X = data.values.astype(np.float32) / 255.0  # Scale pixel values to [0, 1]

# First column of the original DataFrame contains the labels:
y = pd.read_csv(file_path, header=None)[0].values.astype(int)  # Extract labels

# Run KMeans clustering (using 10 clusters for the 10 digits)
kmeans = KMeans(n_clusters=10, random_state=42)
cluster_ids = kmeans.fit_predict(X)
print("KMeans clustering complete.")

pca = PCA(n_components=20)
X_pca = pca.fit_transform(X)
print("PCA complete.")
#print("Explained variance ratio (top 20 components):")
#print(pca.explained_variance_ratio_)

# Run KMeans clustering after PCA (using 10 clusters for the 10 digits)
kmeansPCA = KMeans(n_clusters=10, random_state=42)
cluster_idsPCA = kmeans.fit_predict(X_pca)
print("KMeans clustering after PCA complete.")

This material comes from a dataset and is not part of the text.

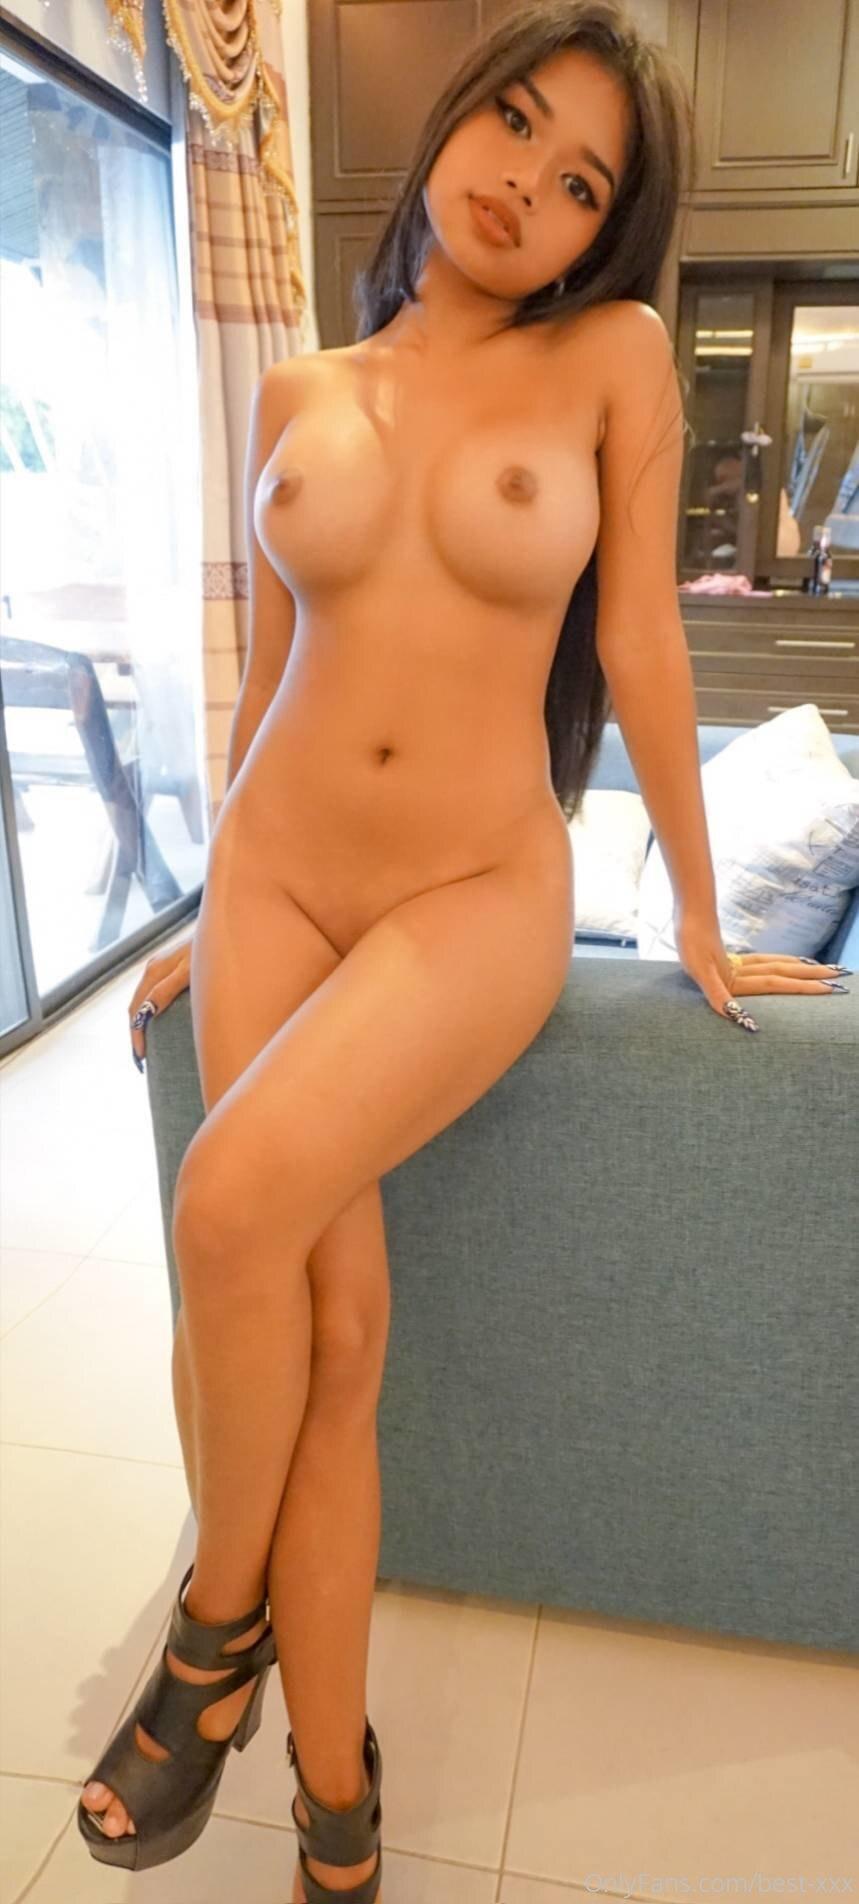 Mo Thai Pattaya Girl Leaked Onlyfans Best Xxx 0097

# Trying to run Kernel PCA like we did in HW3A in order to work better with noisy images
kernelPCA = KernelPCA(n_components=20, kernel='rbf')
X_kernPCA = kernelPCA.fit_transform(X)
print("Kernel PCA complete.")

# Run KMEANS After KPCA
kmeansKPCA = KMeans(n_clusters=10, random_state=42)
cluster_idsKPCA = kmeans.fit_predict(X_kernPCA)
print("KMeans clustering after KPCA complete.")

KMeans clustering complete.
PCA complete.
KMeans clustering after PCA complete.
Kernel PCA complete.
KMeans clustering after KPCA complete.


KMEANS on 8358 sampled images given evaluation function

In [43]:
def evaluate(true_labels: np.ndarray, pred_labels: np.ndarray) -> tuple:
  """Entropy-based evaluation of a label assignment.

  Parameters:
    true_labels: the ground-truth class labels on the input data.
    pred_labels: the predicted class labels on the input data.

  Returns:
    a tuple (CM, (cs_e, cr_e, we)) containing the confusion matrix `CM`, the class entropies `cs_e`,
    the cluster entropies `cr_e`, and the averaged weighted entropies `we`.
  """
  from scipy.stats import entropy

  assert len(true_labels) == len(pred_labels), "Label predictions don't match"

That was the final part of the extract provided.